BLOG — May 20, 2024

Alternative data: The Nirvana of rock music?

The power of going beyond traditional metrics to extract signal in quantitative investment management remains at the forefront of financial analytics. At our recent S&P Global Market Intelligence Quantitative Investment Management Forum in New York, we continued the compelling discussions from our inaugural London Quantitative IM Forum exploring alternative data - not least, the lively topic of how do we define alternative data?

Alternative data = data

'Since when was Nirvana 'alternative rock'?' Seven Eight Co-founder Stephen Cash pondered on our Future of Alternative Data panel. Simply put, alternative data is just data, however for those still seeking a definition, alternative data is ultimately defined as data which 'doesn't have a ticker'. Whether defined as any data outside of standard, long-consumed sources such as financial statements and regulatory filings, or unstructured data scraped from sources such as social media, shipping or more recently synthetic data from LLMs, the consensus lay with our own Aditya Sharma's definition of alternative data as 'data not from its original asset class.'

Key to alternative data, explained Agostino Capponi, Professor of Financial Analytics at Columbia University, is the information it conveys, and how this flows into investment decision-making. For example, at a macro level alternative data such as S&P Global's Purchasing Managers' Index™ can be leveraged for nowcasting GDP, and our Panjiva Supply Chain Intelligence data leveraged to capture supply chain disruption. Alternative data enables both a speed advantage - faster processing of information, and a breadth advantage - the ability to process more information, and to combine a range of data types and sources rather than processing data in isolation. 'Big Data' is now far more accessible, and in partnership with Data Science tools to 'de-noise' data, alternative data enables investment managers to work at a faster pace and on a bigger scale, as well as across multiple shapes and sizes. Yuyu Fan of Alliance Bernstein highlights 'The Four Vs of Alternative Data': Volume, Velocity, Variety and Veracity - of which the last is most important: data quality is fundamental for ensuring accuracy and reliability of information.

Scale vs idiosyncrasy

Agostino Capponi underlined the importance of integrating both structured and unstructured data in an investment management process in order to maximise information extraction, and yet our Future of Alternative Data panel - led by Chris Petrescu of CP Capital - noted that alternative data can be very challenging to use, and that it is tough for alternative data to be used well. There can be challenges around managing huge databases. Conversely, there are also different risks working in smaller datasets with limited coverage and history. Investors must also be mindful of overfitting different market regimes, such as zero interest rate markets for example. And whilst alternative data is valuable for building larger portfolios of stocks, it can also be very niche, and require expertise and a lot of time to understand how value can be extracted. A dataset covering only 30 tickers must be approached idiosyncratically, but how do investment managers scale whilst being idiosyncratic? Tony Berkman, Managing Director at Two Sigma, raised this challenge and its inherent oxymoron.
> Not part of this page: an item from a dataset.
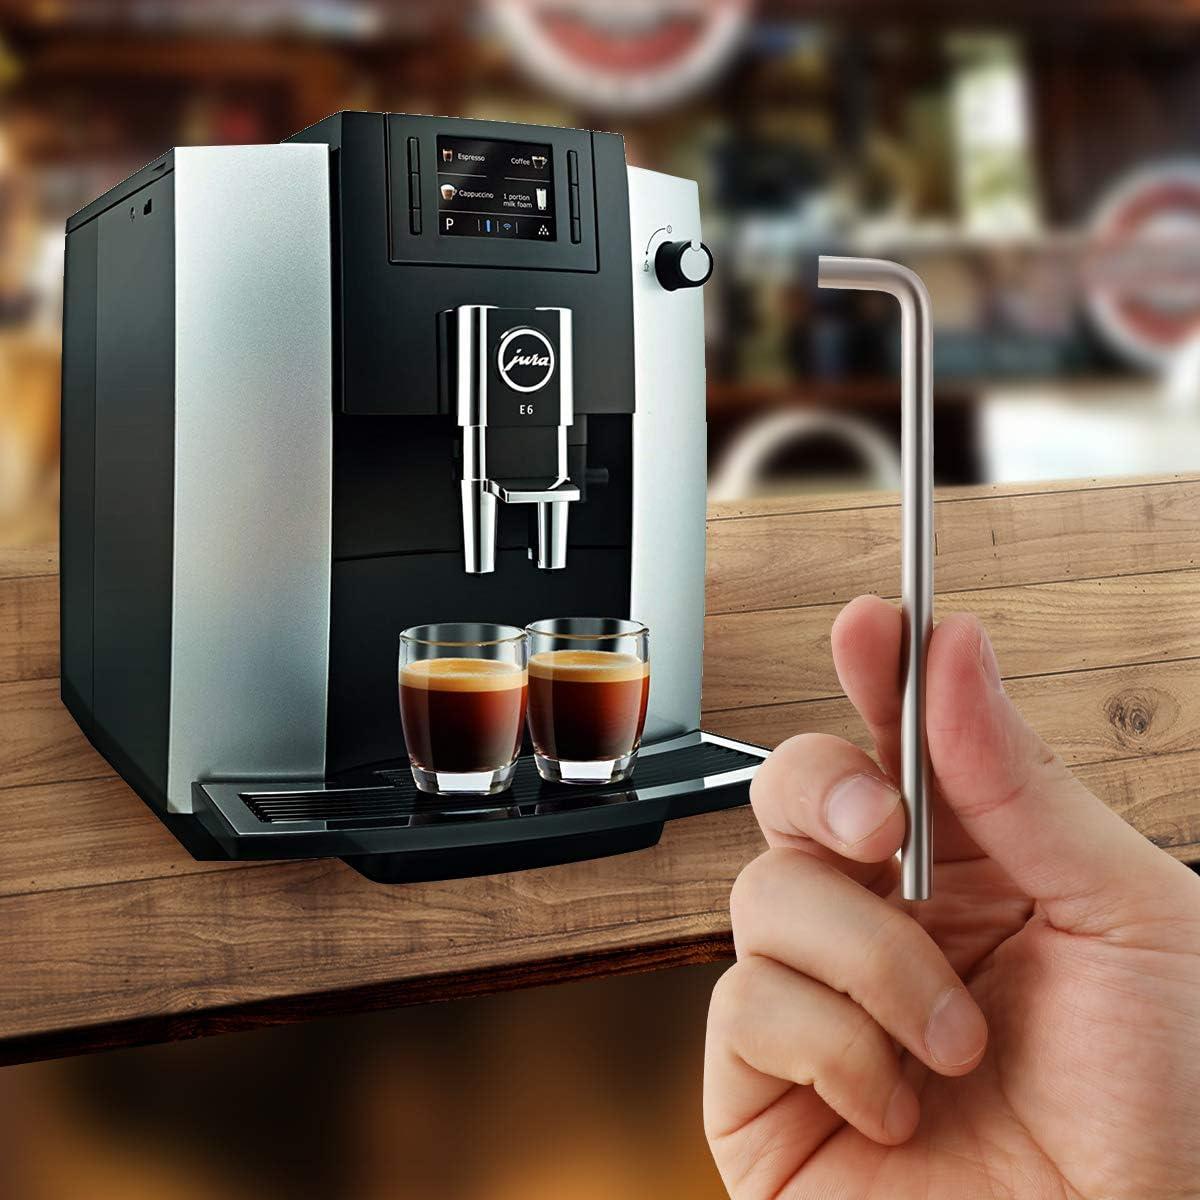 AIEVE Angle Wrench Herramienta de reemplazo de reparación de llaves de 4 mm Compatible con la cafetera Nespresso AEG Jura DeLonghi: Amazon.es: Bricolaje y herramientas

In this vein, the perception of alternative data has evolved over the last few years. Whilst many quantitative funds previously required robust coverage, 15+ years of history and daily frequency, most have come to appreciate that these datasets are few and far between. As such, more firms are willing to compromise on these criteria if they are able to see an edge in the data. Quantitative investors typically prefer to make a lot of small bets across a broad universe, but recognize they are potentially missing out on alpha if they are not seeking new alternative data opportunities. Returning to macro data, our panel considered the significance of having some thesis around the macro-economic environment regardless of asset class, with Ben Cohen, Head of Data Strategy at WorldQuant, noting that it can be important to assess the impact of macro trends that could expose value-add datasets.

Interlinking: S&P Global DNA - Data Nourishing Alpha

As highlighted earlier, investment decisions are not made using discrete datasets - value is extracted by combining a variety of broad data. The foundation of our S&P Global data DNA, our S&P Global Cross Reference suite, contributes to generating alpha by seamlessly linking multiple datasets together via a shared identifier to organise, manage and provide structure to data, and thus to enrich and help our customers understand the data whilst minimizing manual processes.

Linking assets

Financial markets are becoming more interlinked, as S&P Global first explored more than a year ago whilst reviewing the relationship between the level of earnings call sentiment and changes in CDS spreads, and the 'spillage' between asset classes that our speakers considered at our London Quantitative IM Forum in Q4 2023. Furthermore, alternative data doesn't need to come from 'new' sources - traditional data with deep point in time history can be harnessed to create alternative data that adds alpha.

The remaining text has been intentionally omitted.